Figure 3a displays a typical current-time response using the enzyme electrode under the optimal experimental conditions (pH 6.8, working potential 0.6 V) after the addition of successive aliquots of glucose to PBS. A well-defined reduction current proportional to the glucose concentration has been observed. In Figure 3, curve (b) [(CS-g-PAN/GOD)12] and curve (c) [(CS/GOD)12] show the amperometric current response of the biosensor as a function of glucose concentration.
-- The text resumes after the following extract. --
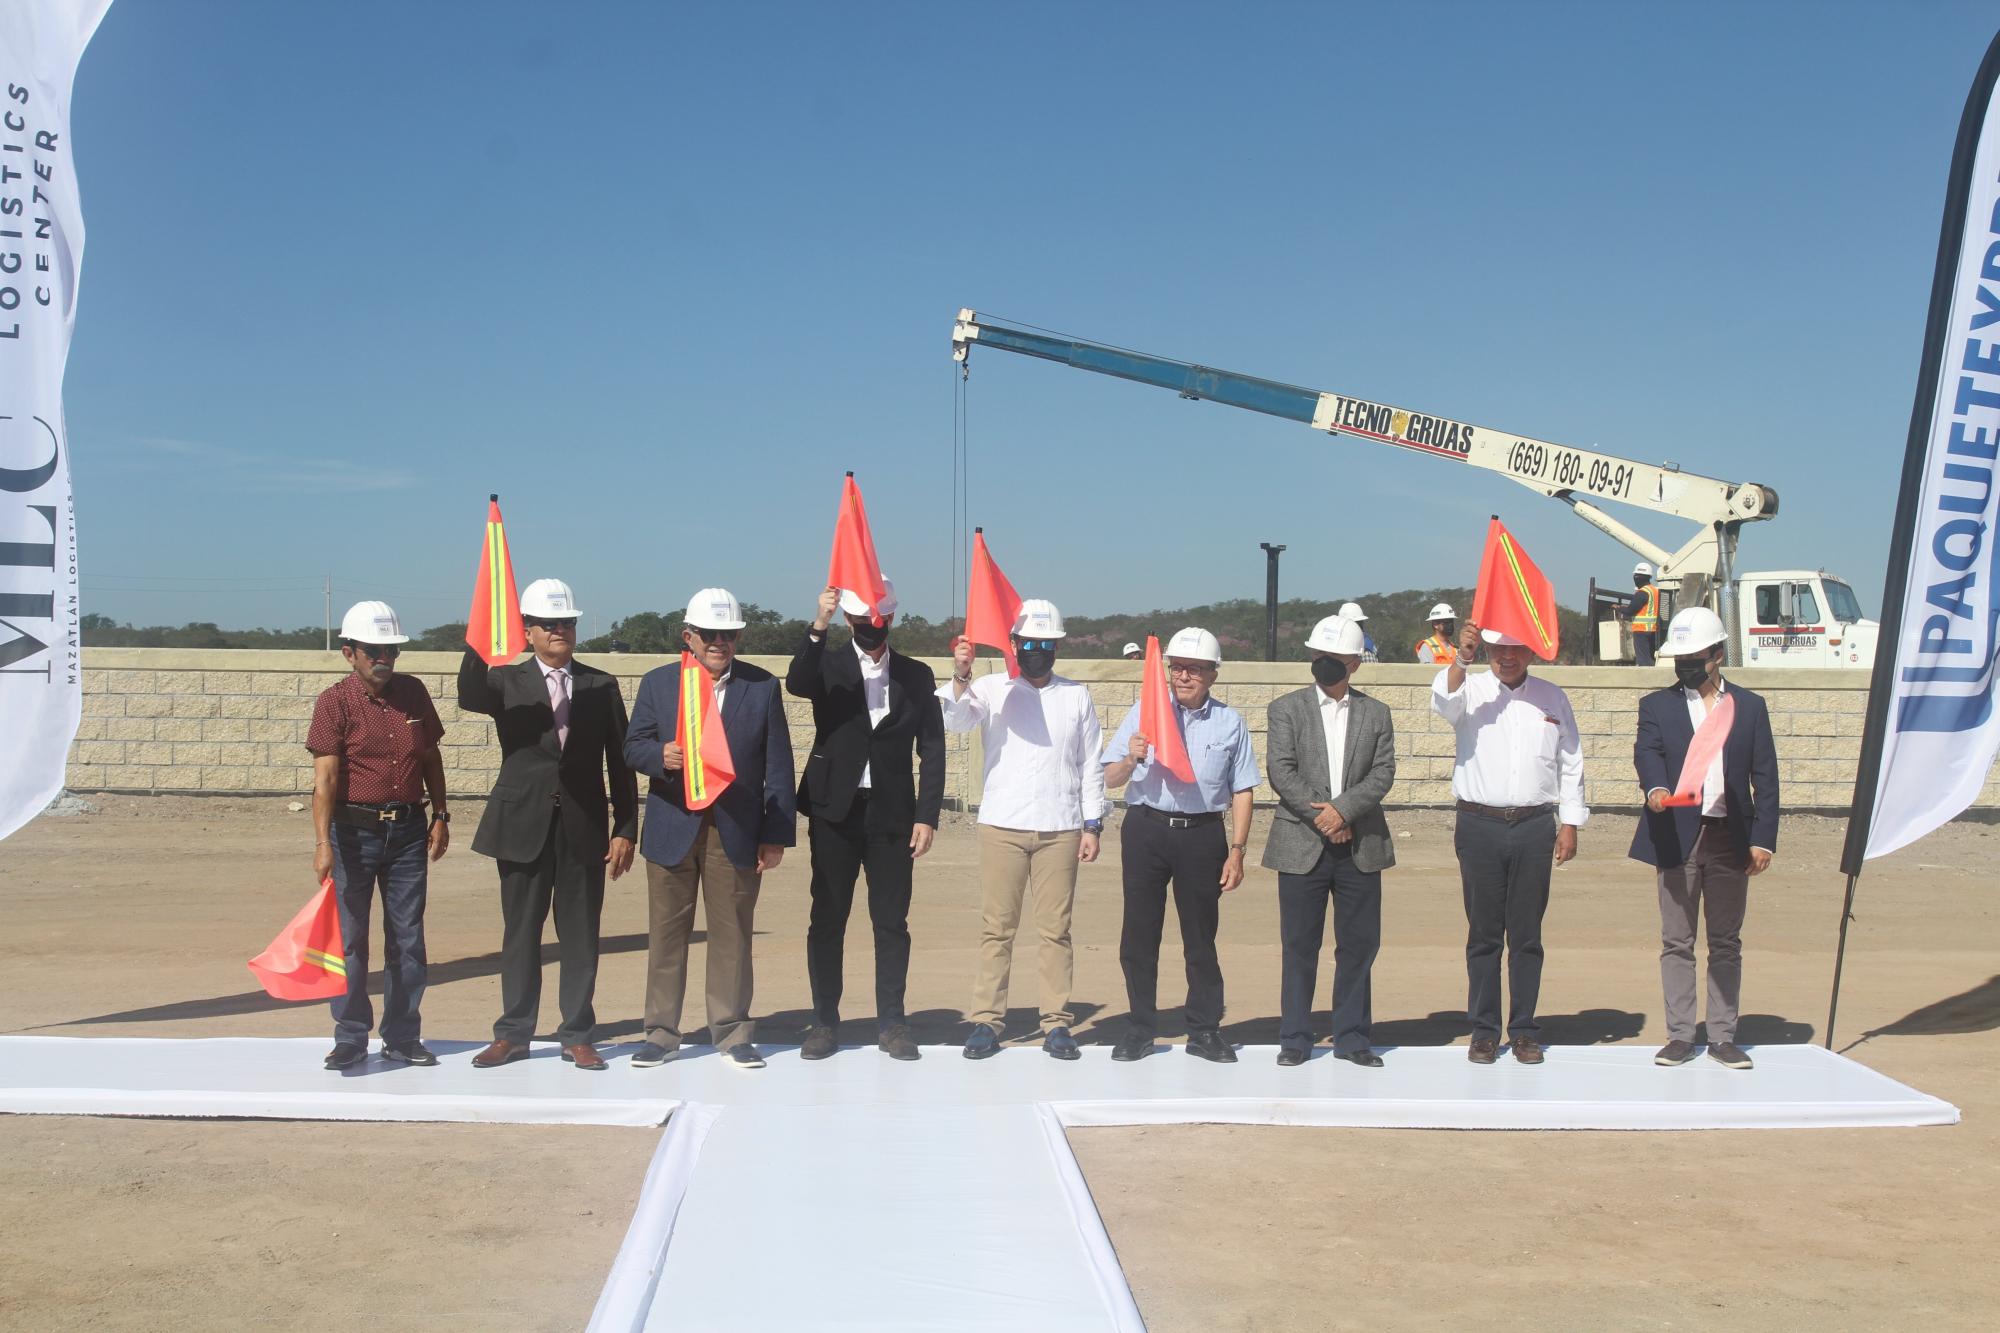 $!Directivos del proyecto, en compañía de invitados especiales, dieron el banderazo de inicio del Mazatlan Logistics Center.

The response current increases linearly with glucose concentration from 0.5 mM to 16 mM for the [(CS-g-PAN/GOD)12] and from 0.5 mM to 8 mM in the case of [(CS/GOD)12]. The (CS-g-PAN/GOD)12 biosensor has a broader linear range and higher response current than (CS/GOD)12 biosensor, which can satisfy the detection of glucose in human body.

Fig. 3
figure 3

Current response of the (CS-g-PAN/GOD)12 biosensor in the concentration range of 0.5–16 mM (a), the linear calibration plot of enzyme electrodes modified by (CS-g-PAN/GOx)12 (b) and (CS/GOx)12 (c), respectively

Figure 4 illustrates the steady-state current response time of the two biosensors with CS-g-PAN/GOD (a) and CS/GOD (b) under identical condition. Evidently, the former shows a faster response than the latter (5.2 s vs. 10.1 s). Furthermore, the biosensor with CS-g-PAN/GOD has a greater response current than its counterpart. Due to the conductivity of PAN, CS-g-PAN film has a faster transition of electron than CS film. Accordingly, it can enhance the output current and reduce the time of response.

Fig. 4
figure 4

The steady-state current response time of GOD biosensor covered with (CS-g-PAN/GOD)12 (a) and (CS/GOD)12 (b), respectively, to 5 mM glucose

In conclusion, we introduced a new type of amperometric GOD biosensor based on CS-g-PAN/GOD, which was prepared by the technique of layer-by-layer electrostatic self-assembly. The glucose biosensors fabricated using the CS-g-PAN/GOD multilayer film exhibited a faster response and a higher output current to glucose in the normal and diabetic level.